Padi yang diolah menjadi beras selain untuk dijual, juga digunakan untuk konsumsi sehari-hari serta untuk kepentingan pesta adat yang sering digelar di Toraja. Itulah mengapa padi aman tersimpan di alang.
Untuk mobilisasi komoditi padi yang sudah dipanen, akses infrastruktur jalan di wilayah perkampungan Toraja terbilang memadai. Keberadaan jalan yang sudah dicor beton menjangkau areal persawahan hingga di ketinggian pegunungan.
Walaupun ada beberapa titik yang rusak, namun pada umumnya jalan ke desa cukup baik. Kendaraan roda empat bisa mencapai hingga ke dusun-dusun. Tak heran pedagang asongan roda dua pun dari Kota Rantepao turut berdagang hingga ke pelosok desa.
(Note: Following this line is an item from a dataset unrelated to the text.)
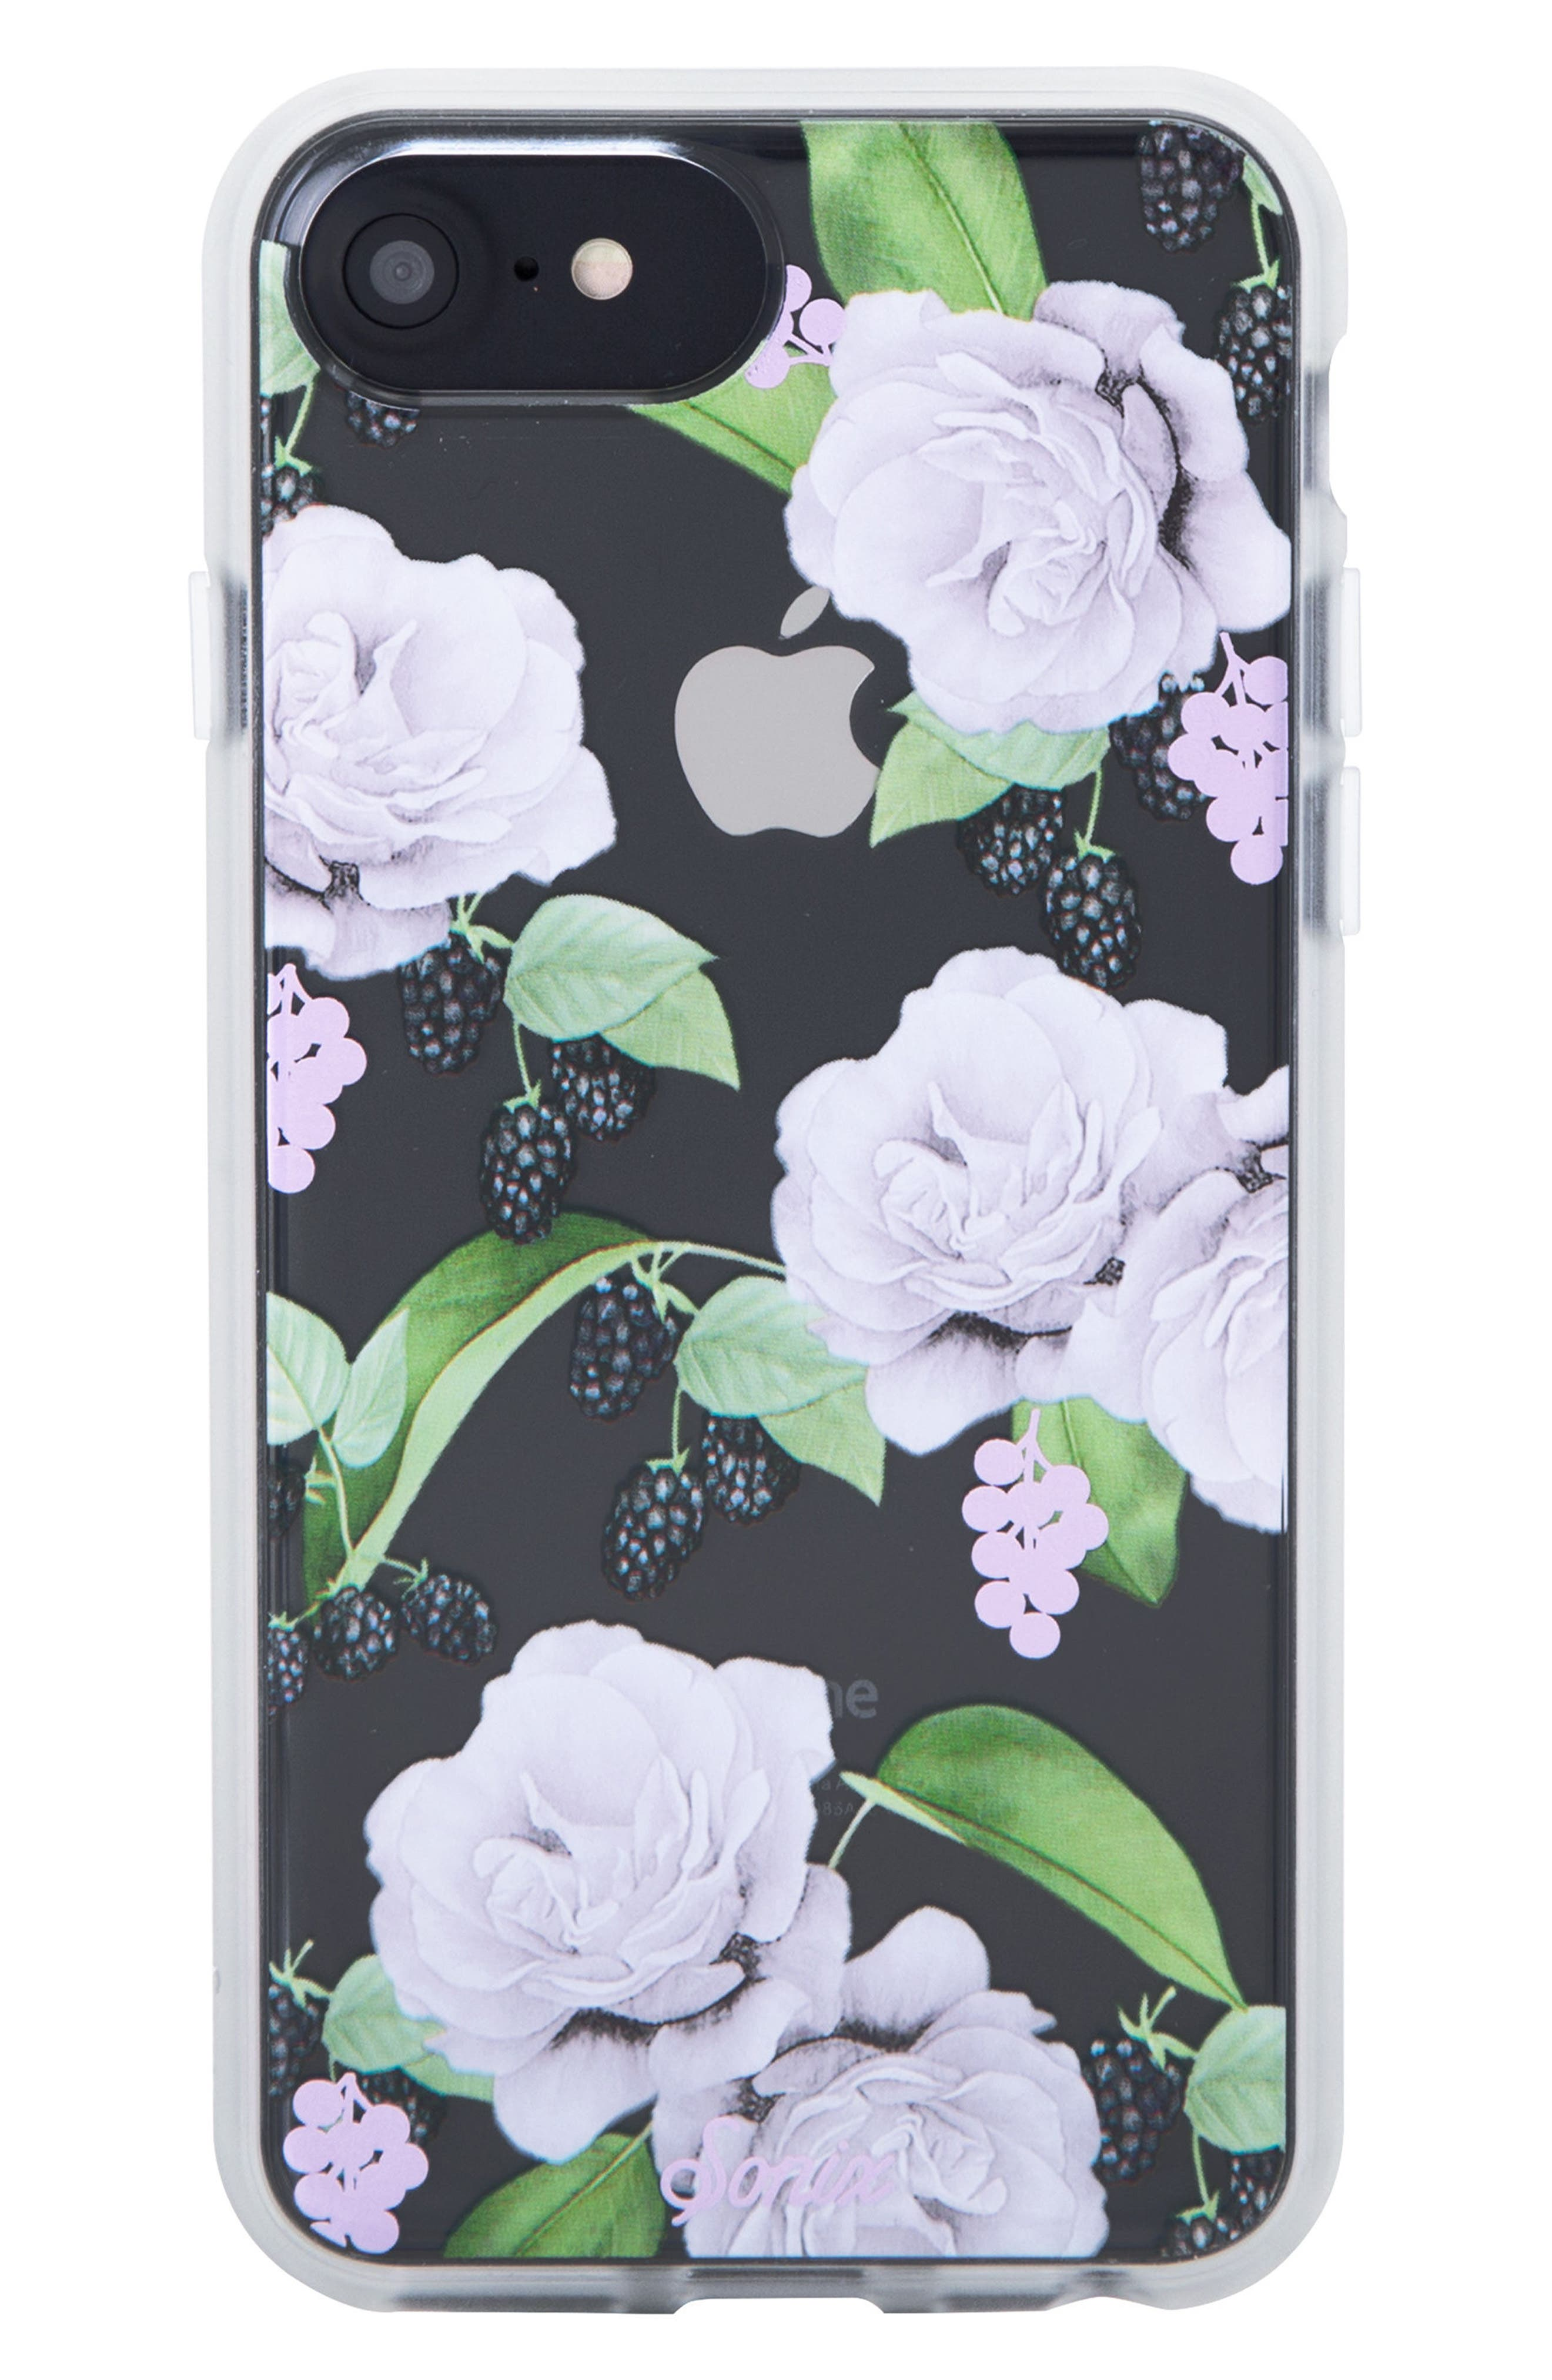 Floral Berry iPhone 6/6s/7/8 & 6/6s/7/8 Plus Case,                             Main thumbnail 1, color,                             WHITE/ LILAC

Pembangunan infrastruktur jalan di desa tidak lepas dari penggunaan Dana Desa untuk program peningkatan akses jalan. Namun demikian dukungan APBD dari kabupaten dibutuhkan untuk pemantapan jalan menuju ke kecamatan dan desa-desa.
Di satu sisi dukungan untuk peningkatan produktivitas pertanian bagi petani dibutuhkan. Mengingat keberadaan sawah terasering di perkampungan Toraja, merupakan potensi besar untuk kemandirian pangan.
Di satu sisi menjadi destinasi wisata alam bagi para traveling yang menyukai eksotisme kearifan lokal di daerah. Terutama eksotisme persawahan terasering di daerah Toraja.